Her body of work includes thousands of paintings—so many, she’s lost track of the actual number—displayed in private homes and art galleries throughout Mexico, the United States and as far away as New Zealand and Thailand. You may have noticed her canvases prominently displayed at The River Cafe on Isla Río Cuale: large portraits of beautiful native women attired in traditional style. The trademark gaze in her subjects’ eyes is unmistakable. However, each painting is completely different in context and feeling.
Few people in town can match her celebrity status, yet you can visit the gallery that bears her name on any busy Wednesday evening Art Walk and never notice she is there. Indeed, for anyone interested in the local art scene and its cast of characters, meeting Marta Gilbert can seem almost anticlimactic.

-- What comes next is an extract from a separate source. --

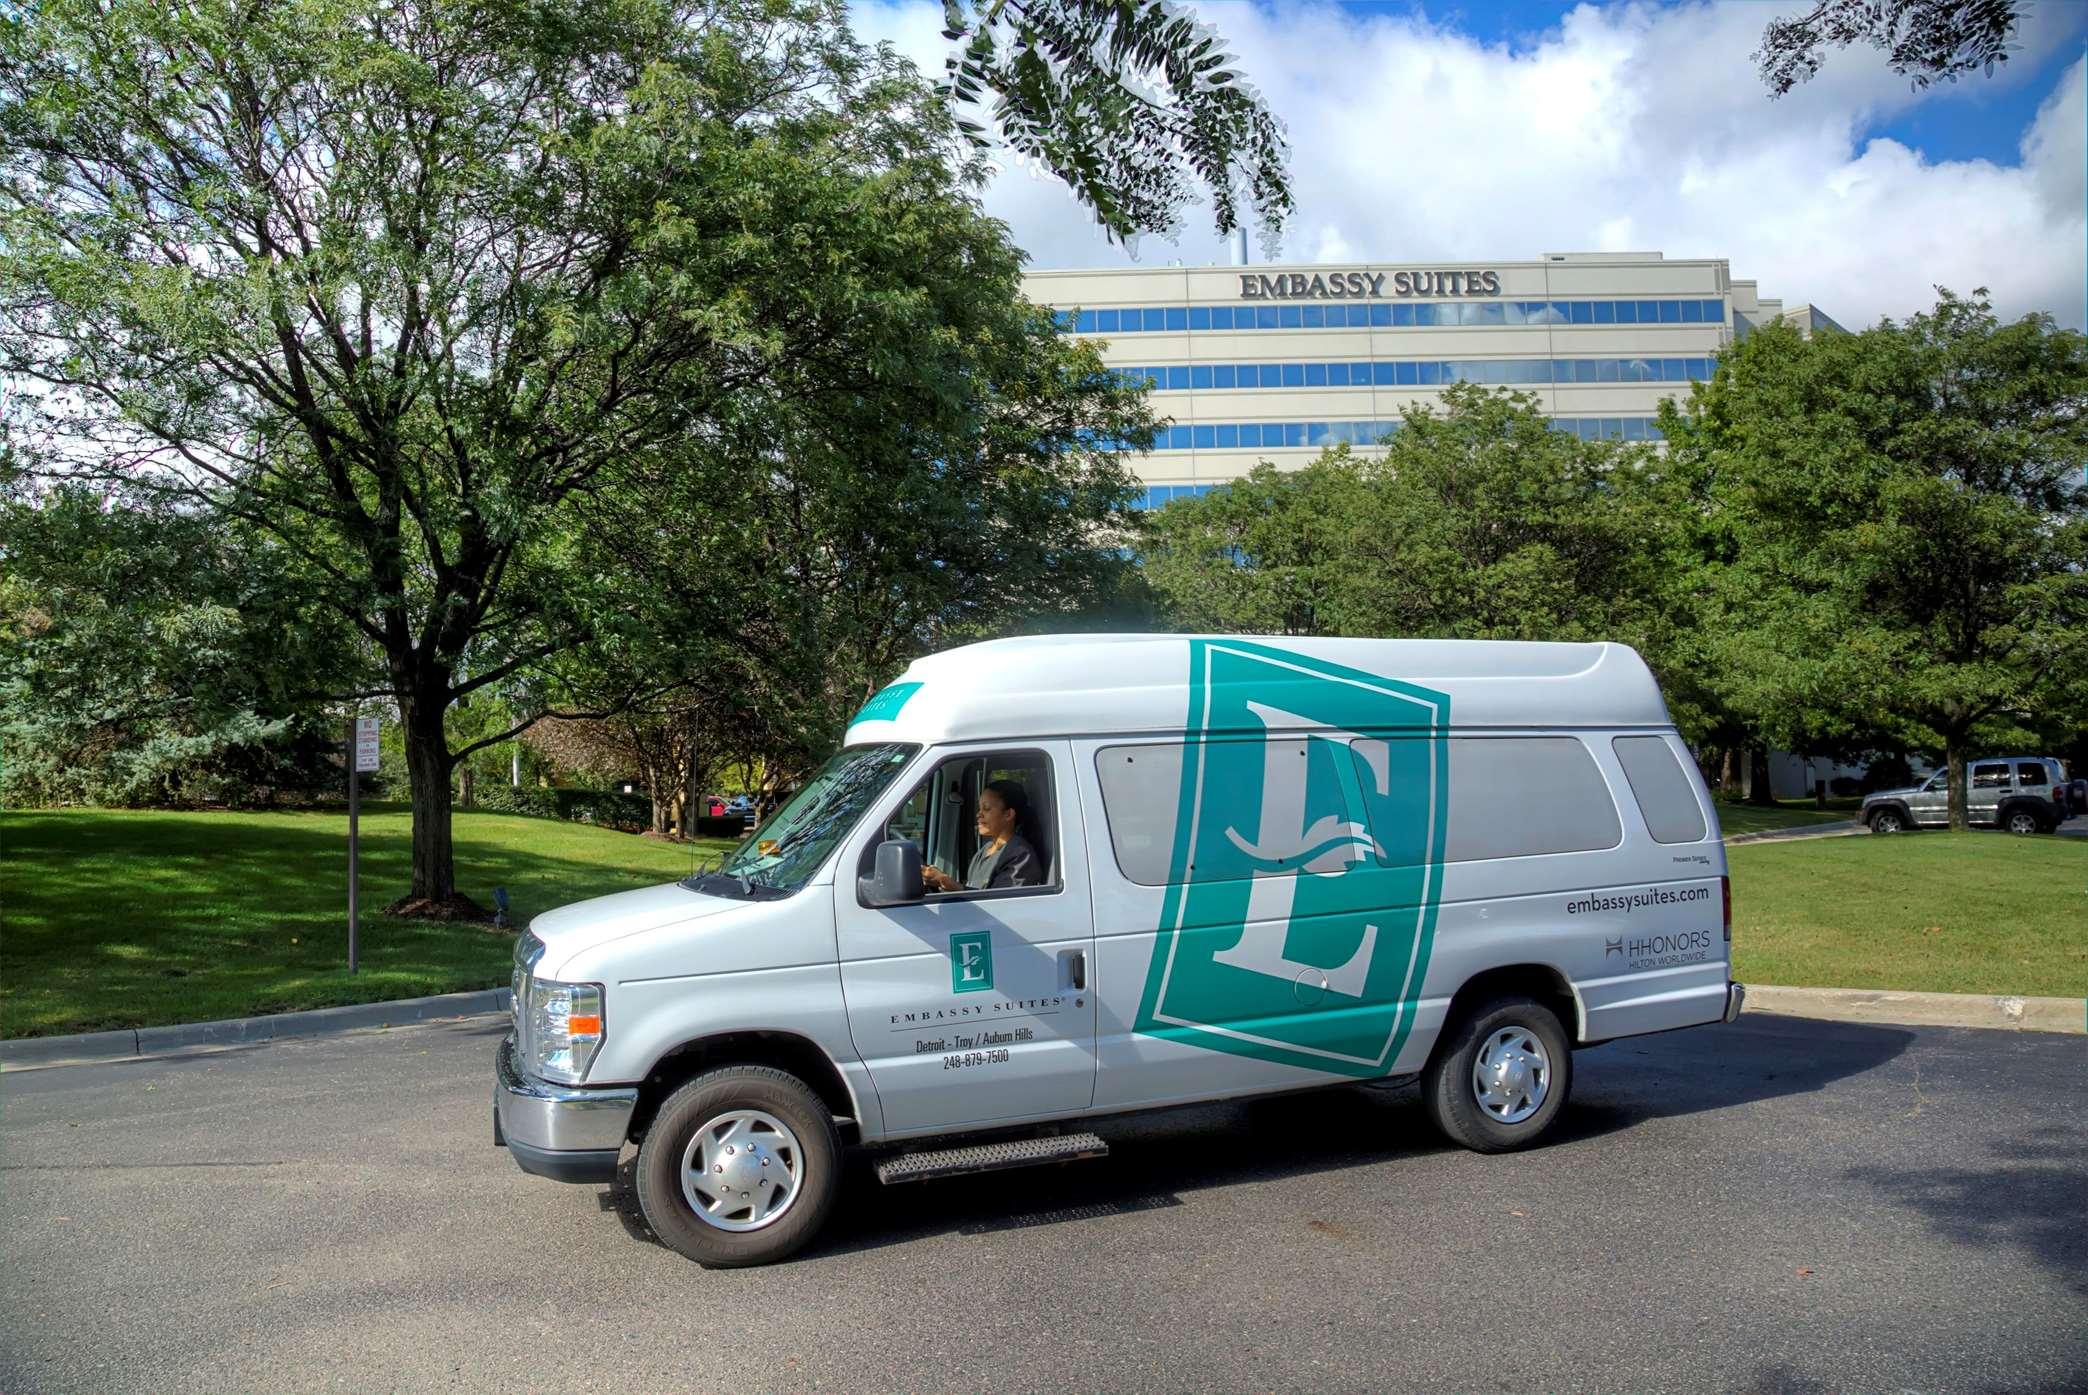 Embassy Suites by Hilton Detroit Troy Auburn Hills image 41

In conversation, though, she transforms into a living textbook of the cultural development of Banderas Bay from the mid-sixties on, making an opportunity to meet one of our local living legends irreplaceable.

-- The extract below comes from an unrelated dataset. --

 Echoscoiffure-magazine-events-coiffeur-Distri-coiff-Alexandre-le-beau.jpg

Marta was completely smitten with Banderas Bay—as many were at the time—in 1969. “In those days it was overwhelmingly beautiful and magic,” she recalls. “I simply wanted to be here.” Given her Native American heritage, she had been drawn to native figures and faces ever since she can remember. “I was painting Mexican faces long before I arrived. And when I did, everybody was so beautiful, I simply went crazy!”
Although back in the sixties, local artists such as Ramón Barragán and Manuel Lepe had already carved a name for themselves in the area— Barragán organizing the first-ever art exhibition in town, and Lepe for his trademark naïf style—Marta was among the first foreign artists to establish themselves in town. When asked if she was the first, she unassumingly brings up Sayulita-based Evelyne Boren, who began exhibiting her work locally in the early seventies.

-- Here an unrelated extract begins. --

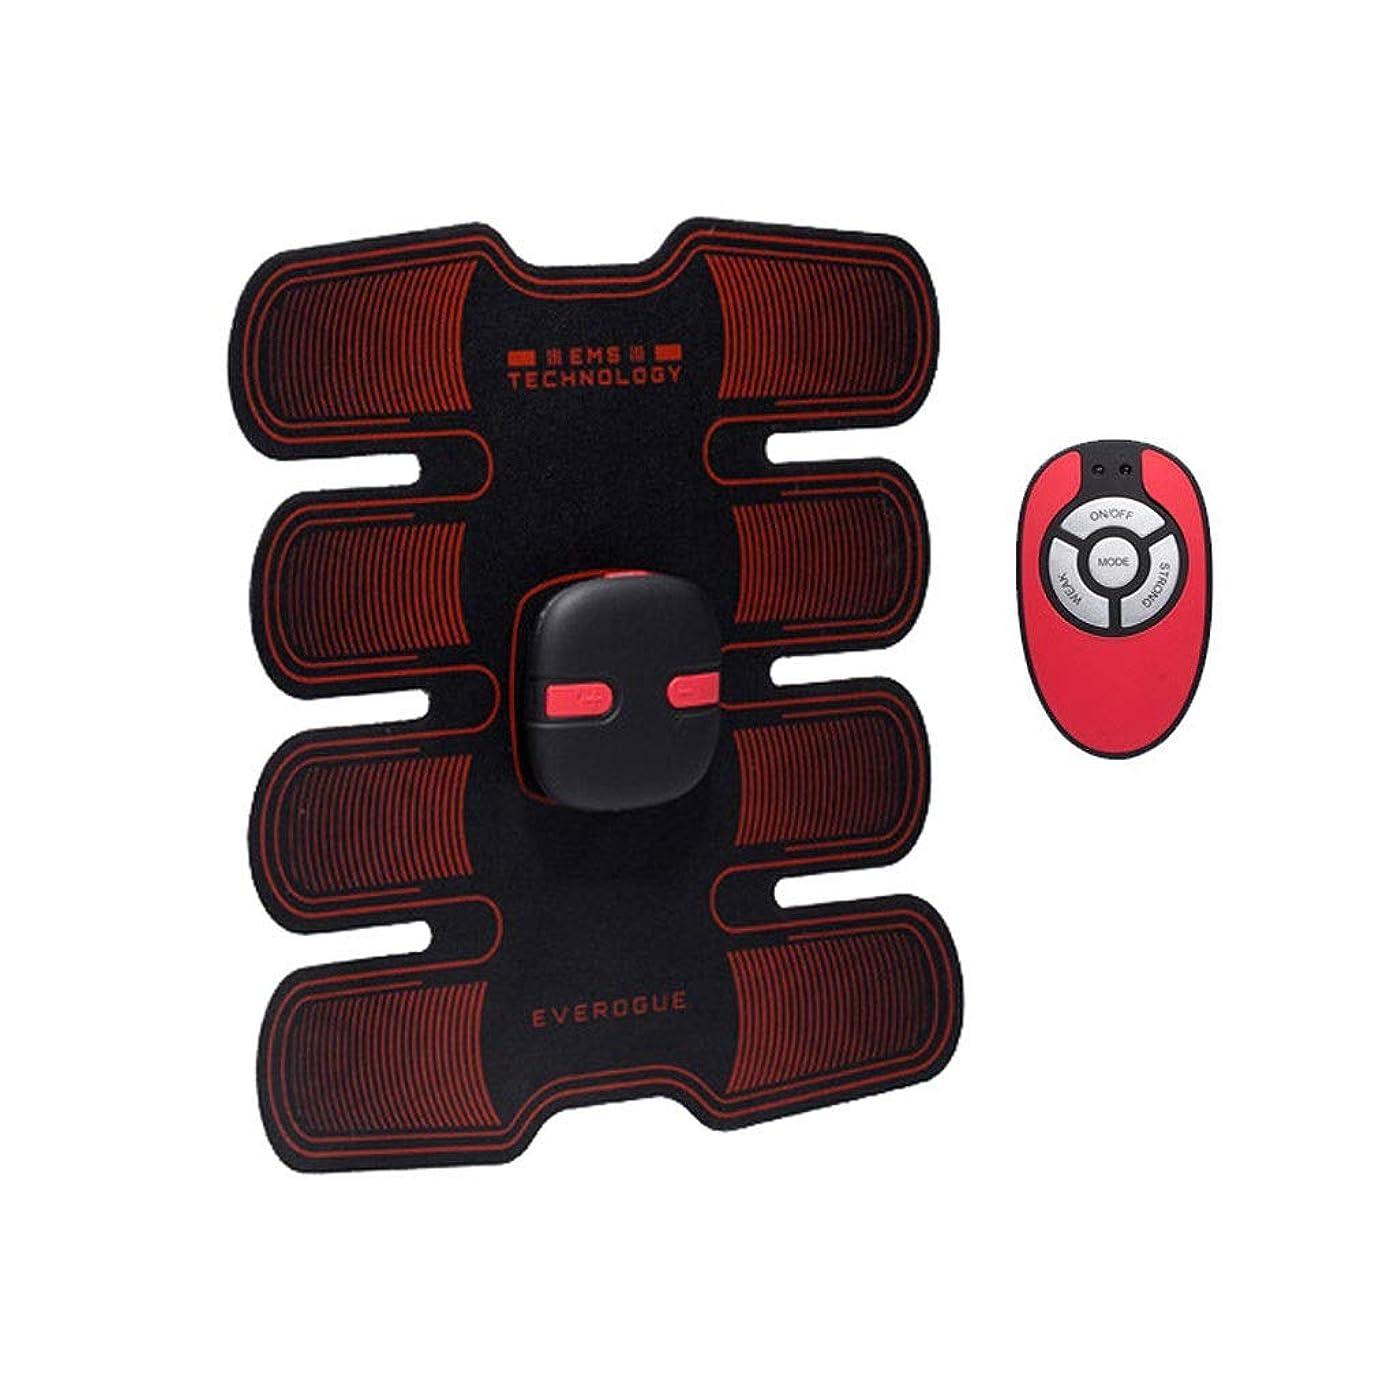 起こる守銭奴テセウスフィットネストレーニングギア、リモコン付きEMS筋肉刺激装置USB充電式究極の腹部刺激装置 - 男性用女性用筋肉トナー (Size : A)

While Marta kept a place to live here since her first visit, she didn’t establish herself as a full-time resident until 1975, settling in a small place at the end of Olas Altas St., where she remained for the next “seven or eight years,” subsequently moving across the street, where she’s remained ever since.
Just as she’s remained in the same neighborhood, her lifelong pursuit of capturing a variety of native characters—mostly female—on canvas continues. “Many of them come from my own imagination,” she points out, “but sometimes I do see someone on the street whose face jumps out at me, and I’ll ask them to sit for me.”
And while it might seem easy to dismiss her body of work as repetitive, careful inspection reveals otherwise, as pointed out by local art connoisseur Ruben Cham, who’s responsible for managing the Marta Gilbert Gallery. “The variety of emotions she conveys in her paintings—fear, sadness, hope, happiness, sensuality—is endless.”
Marta Gilbert’s work is on display at the aptly named Marta Gilbert Gallery, owned by acclaimed restaurateur Thierry Blouet. Located at Leona Vicario and Guadalupe Sánchez streets in El Centro, it is conveniently kitty-corner from Galerie Des Artistes, where works by Evelyne Boren are displayed, providing art collectors and enthusiasts the opportunity to acquaint themselves with the paintings of two true local pioneers.